ISIS' 'Sickening' Genocide Against Christians: Why Is the UN Still Silent, Asks ACLJ

The American Center for Law and Justice has asked the United Nations Human Rights Council why it continues to be silent and refuses to formally identify Christians and other religious minorities as victims of genocide at the hands of the Islamic State terror group, despite well-documented evidence.

(Photo: Screengrab/YouTube/TomoNews US)An Islamic State executioner beheads a victim in this undated screengrab.

The conservative law group, in partnership with the European Center for Law and Justice, its European affiliate, wrote in its latest submission:

"A declaration by the Human Rights Council that the Islamic State is engaged in genocide and action by this Council calling for the U.N. General Assembly (and other appropriate organs of the U.N.) to follow suit would carry significant weight.

"We need action now. The U.N. must defend the rights of all religious minorities, including the Christians in Iraq, Syria, and any other place where the Islamic State engages in genocide."

While much of the international community, including the U.S. under former President Barack Obama, recognized Christians and other religious minorities as victims of genocide in the ongoing war in Iraq and Syria, the U.N. has been reluctant to use that terminology.

The United Nations has recognized crimes against humanity and war crimes when it comes to Yazidis, at least in the statements of some of its representatives.

"Genocide has occurred and is ongoing," said Paulo Sérgio Pinheiro, chair of the Independent International Commission of Inquiry on Syria, in June 2016.

"ISIS has subjected every Yazidi woman, child or man that it has captured to the most horrific of atrocities," he added in a press statement issued by the Office of the U.N. High Commissioner for Human Rights.

The ACLJ noted that despite filing an urgent testimony nine months ago at the OHCHR explaining the various horrors Christians and other minorities have faced, including beheadings, crucifixions, enslavement, rape, forced conversion, and other forms of violence, a formal recognition of the genocide is still lacking.

"As more ISIS-held regions are liberated in the coming months, more evidence will undoubtedly reveal the indisputable genocidal acts by ISIS against religious minorities. The growing body of evidence demonstrates that the inhuman violence at issue is, in fact, genocide. This evidence is well-documented, and it is sickening," the group said.

It pointed to Christian leaders returning back home to the liberated Nineveh region of Iraq, only to find their churches destroyed and homes left in piles of rubble.
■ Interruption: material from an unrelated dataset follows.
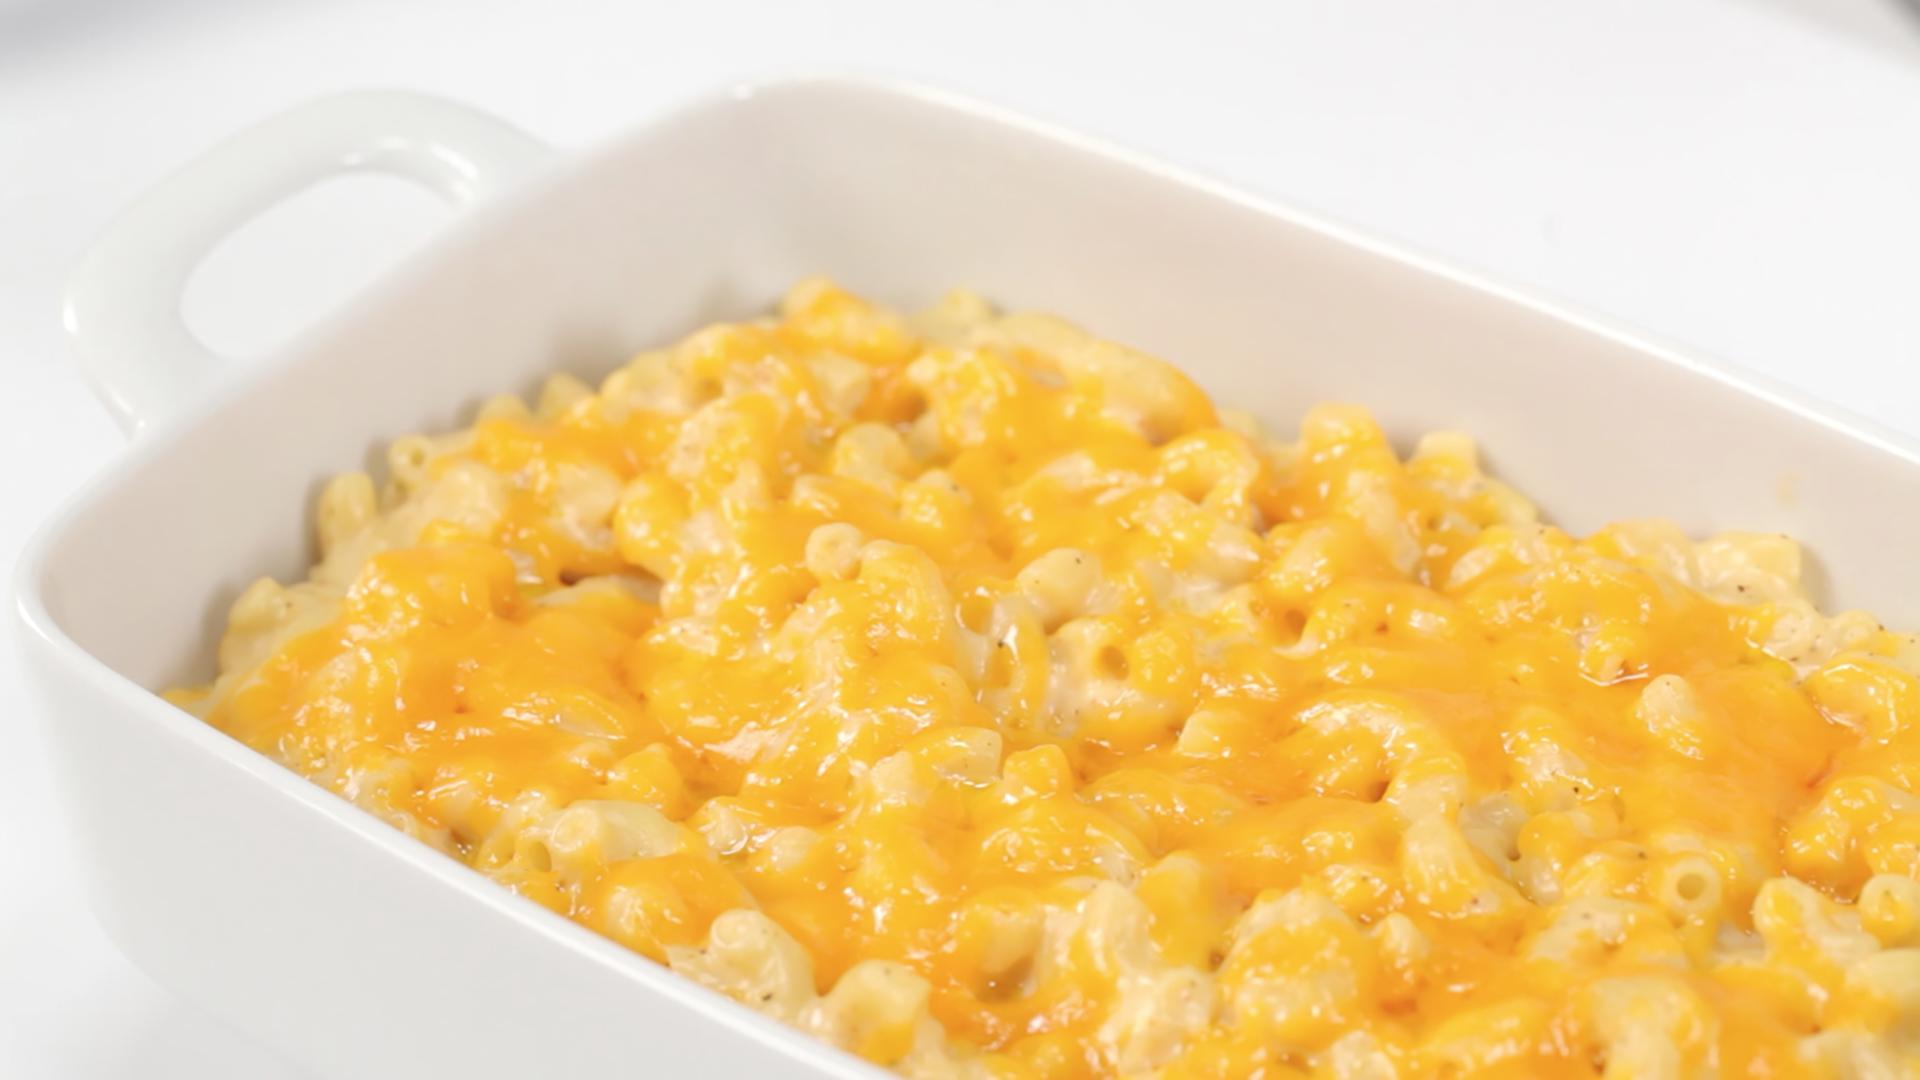 Classic Baked Macaroni And Cheese Recipe Myrecipes

Only 20 to 30 Christian residents remained from a population of around 300,000 before IS began its attacks, forcing hundreds of thousands to flee as refugees.

A recent report by the Assyrian International News Agency also spoke of the devastation left behind by IS, with Christians returning to the once thriving community in Quaraqosh in Northern Iraq and finding it difficult to cope with what they discovered.

"What is there to come back to, destruction? Our beautiful city, where we used to live happily, go to parties, and now we come back to this? To this destruction and injustice? They burned down homes and this...this is a tragedy. My uncle's house has become like this (church) isn't this pitiful? It is pitiful," said Marie Sabri, one of the displaced residents.

Ikhlas Matteh, a teacher, talked about the extremist propaganda spray-painted around the city:

"It is just paint, it can be erased. But from inside, we have to reform from the inside, to fix our ideologies and our concept of humanity. How to make others love us and to be loved by us, how to understand and to be understood, how to coexist together. That is the difficult part. That is very difficult. It will take generations."

The ACLJ vowed to continue holding the U.N. and global leaders accountable, reminding them of the legal commitments they have made to never allow genocide to occur again.

"As Christians and other religious minorities are targeted for extinction by ISIS, the international community must move quickly to recognize the genocide for what it is so that they can then act swiftly and definitively to end the historic human rights crises in areas of the world dominated by jihadists," the group urged.